# TASK INSTRUCTIONS
Everything in the data except the pictures belongs in your answer, copied exactly.

# DATASET EXTRACT
=======

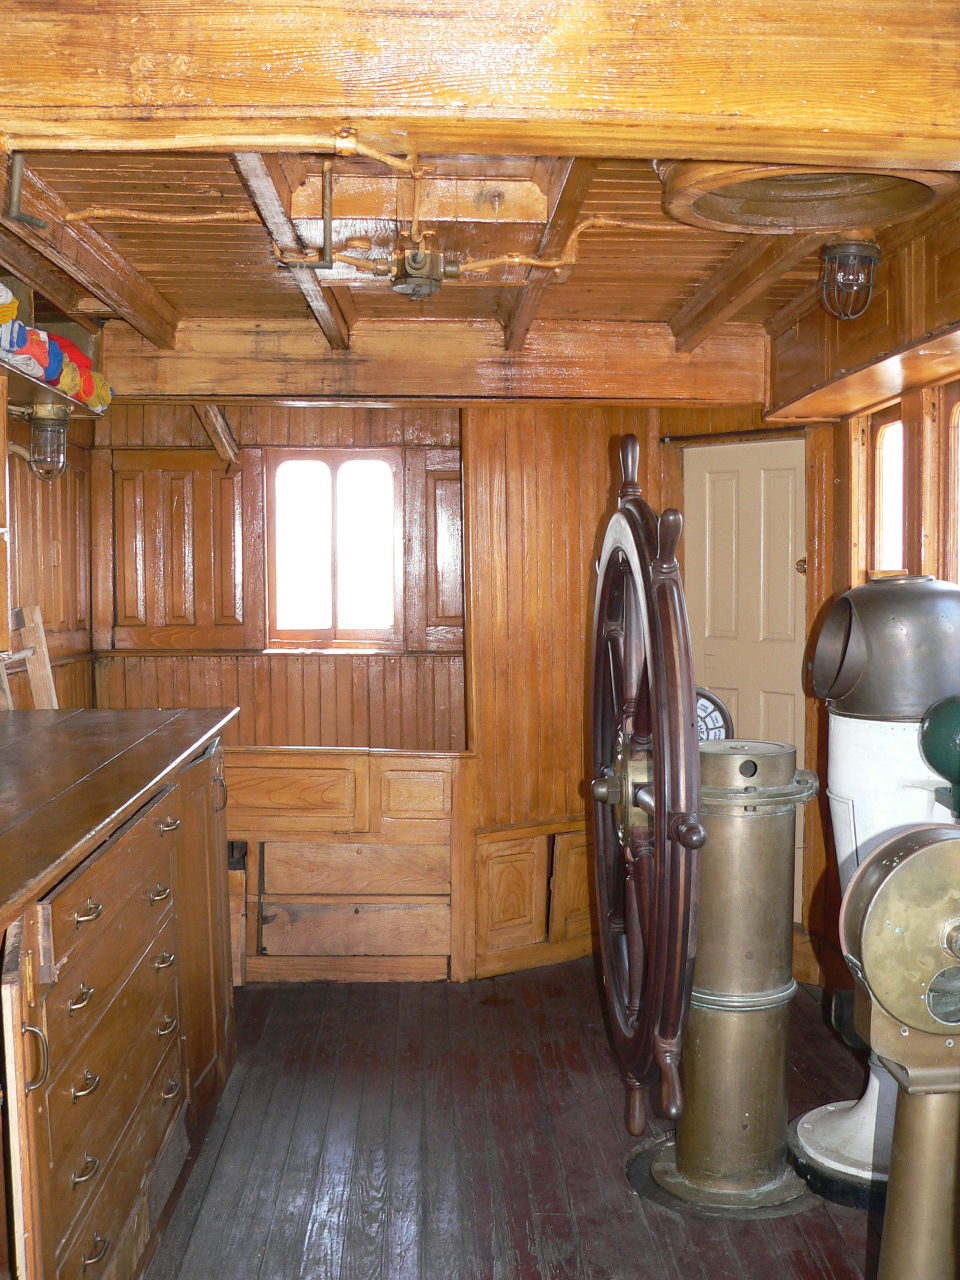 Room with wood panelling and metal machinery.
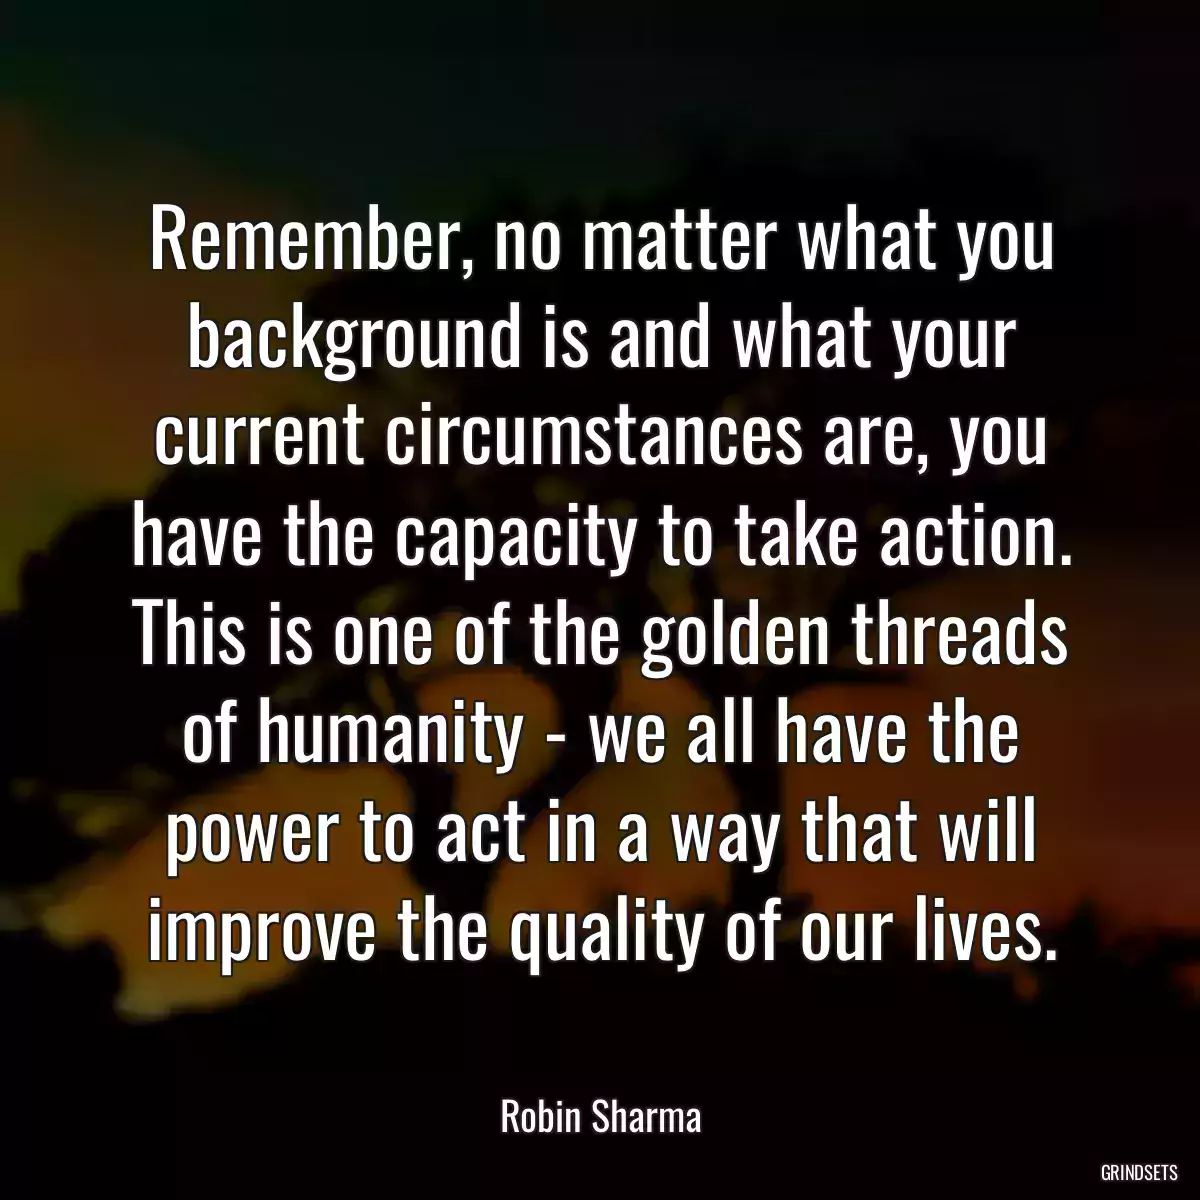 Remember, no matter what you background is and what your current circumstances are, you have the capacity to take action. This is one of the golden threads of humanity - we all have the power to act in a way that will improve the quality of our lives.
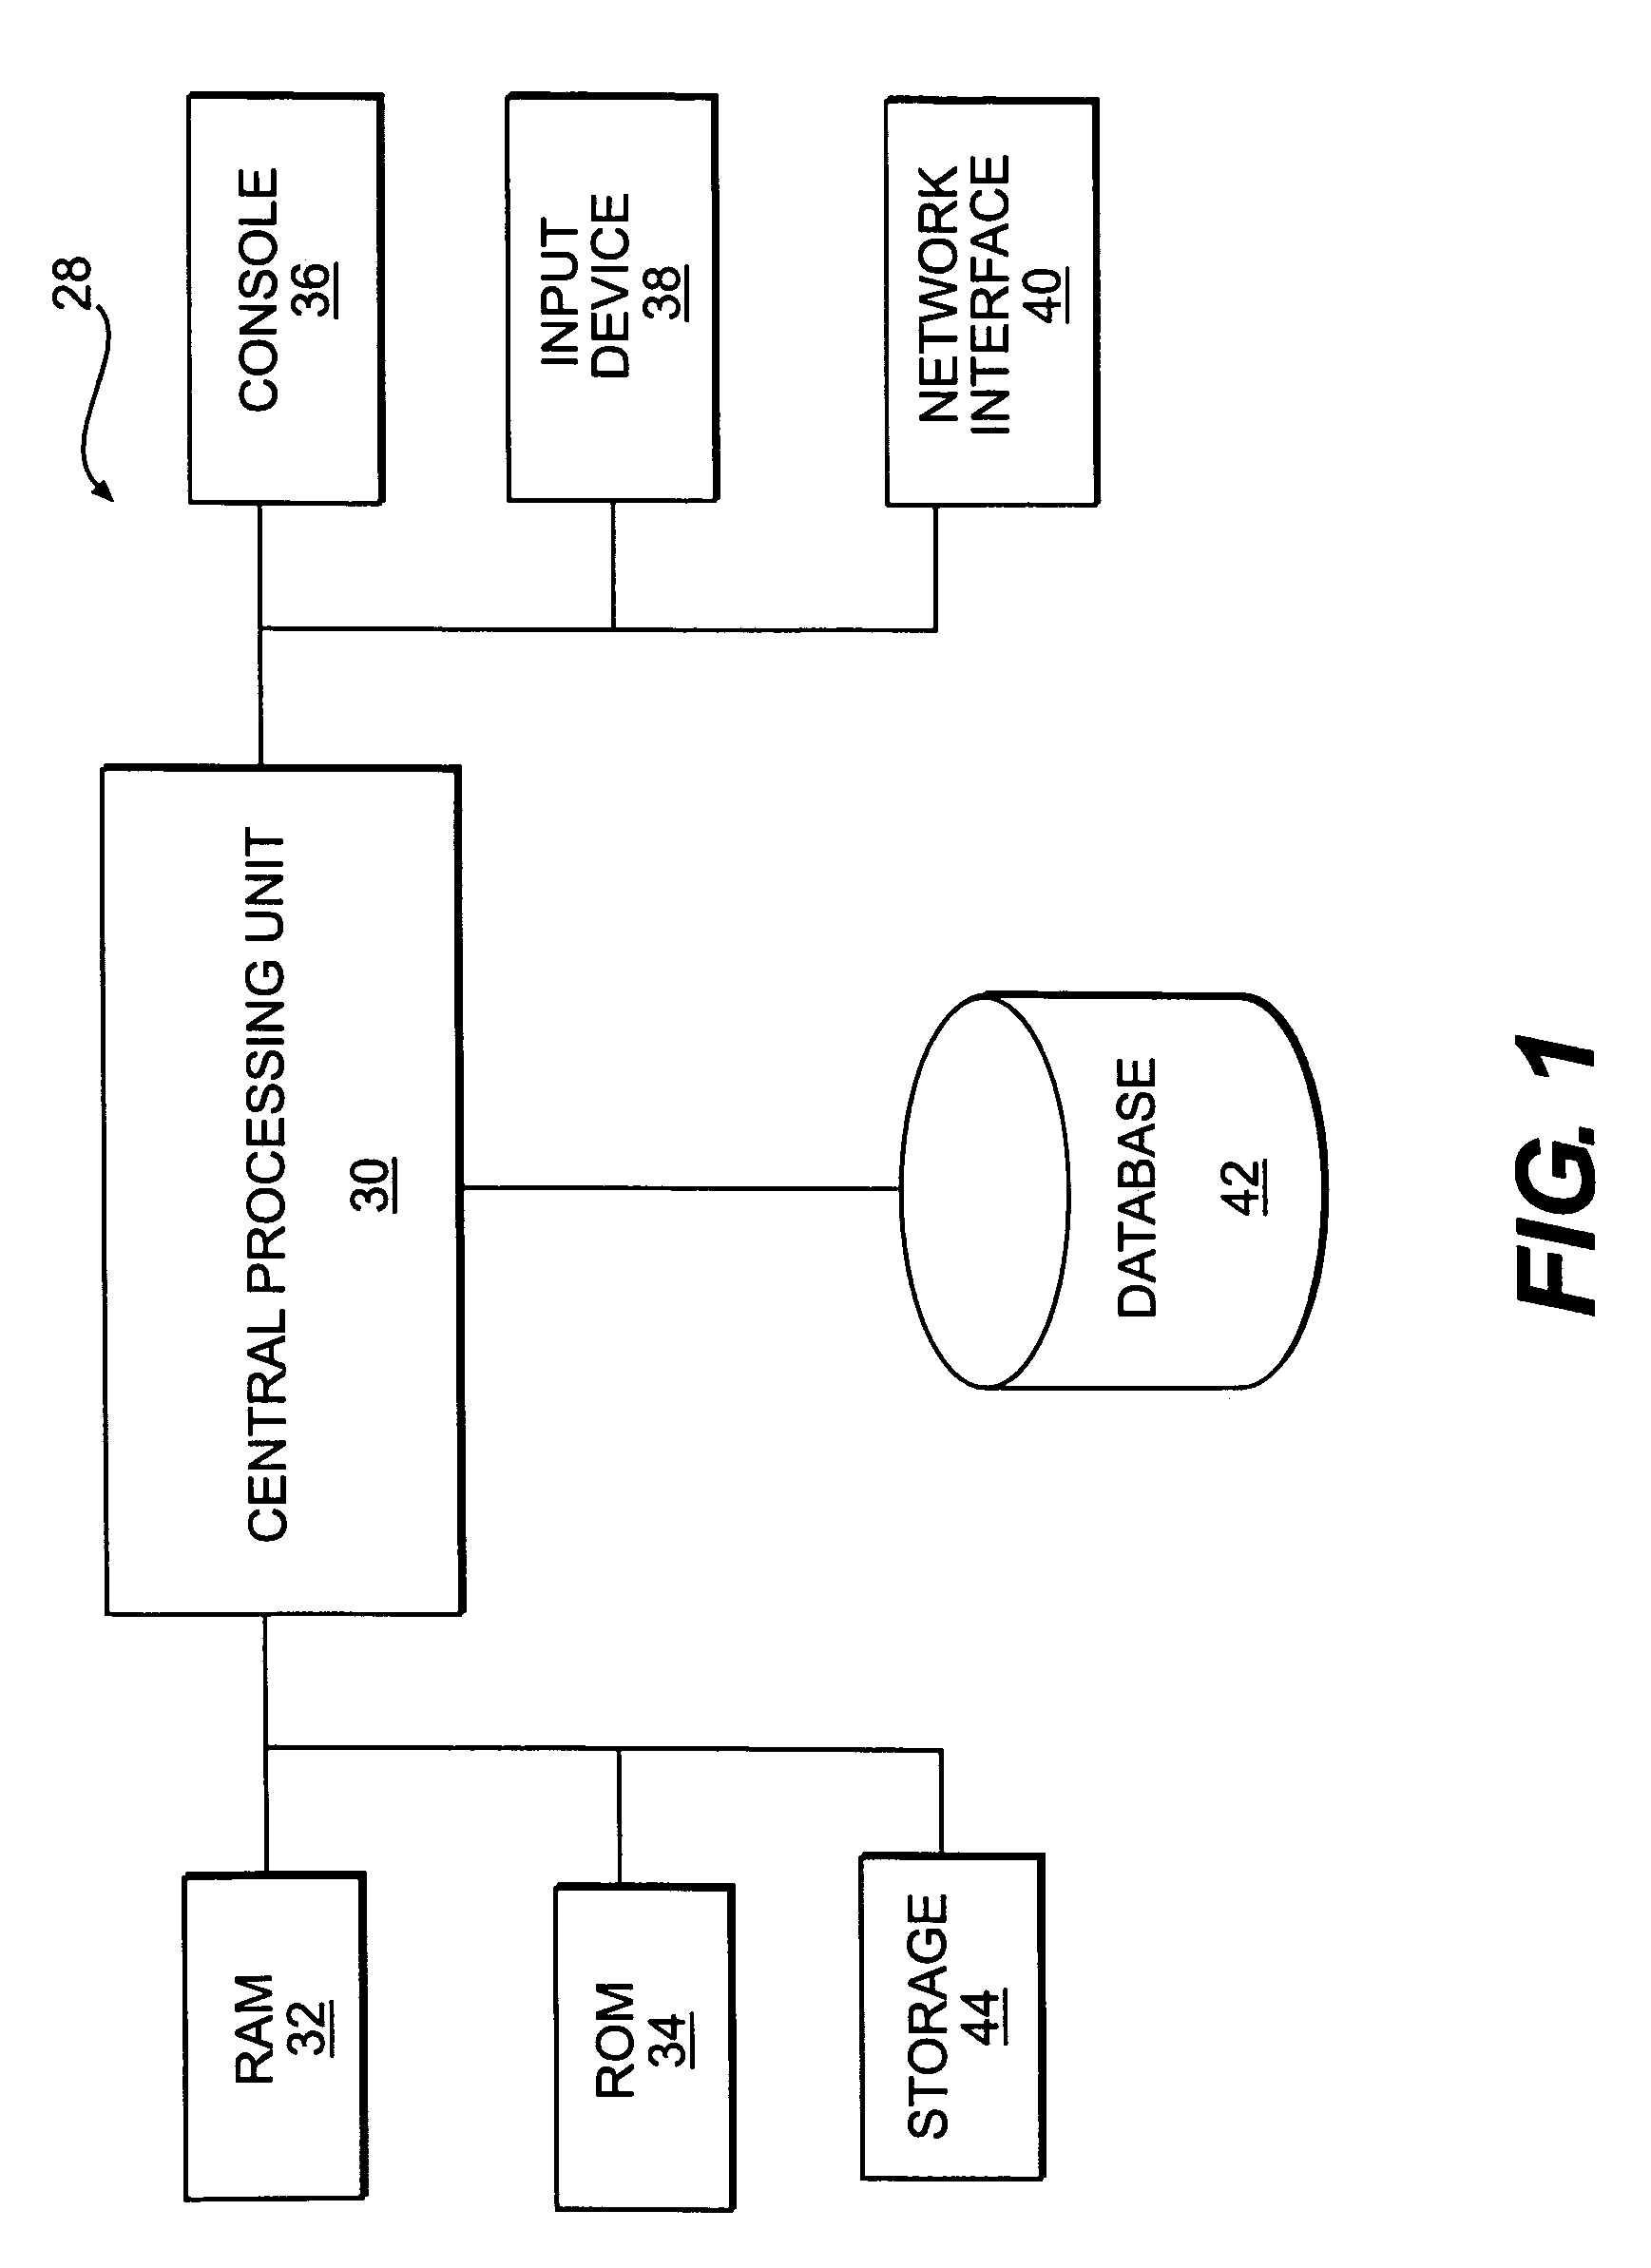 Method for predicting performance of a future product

=======

# TASK ANSWER
 Room with wood panelling and metal machinery.
 Remember, no matter what you background is and what your current circumstances are, you have the capacity to take action. This is one of the golden threads of humanity - we all have the power to act in a way that will improve the quality of our lives.
 Method for predicting performance of a future product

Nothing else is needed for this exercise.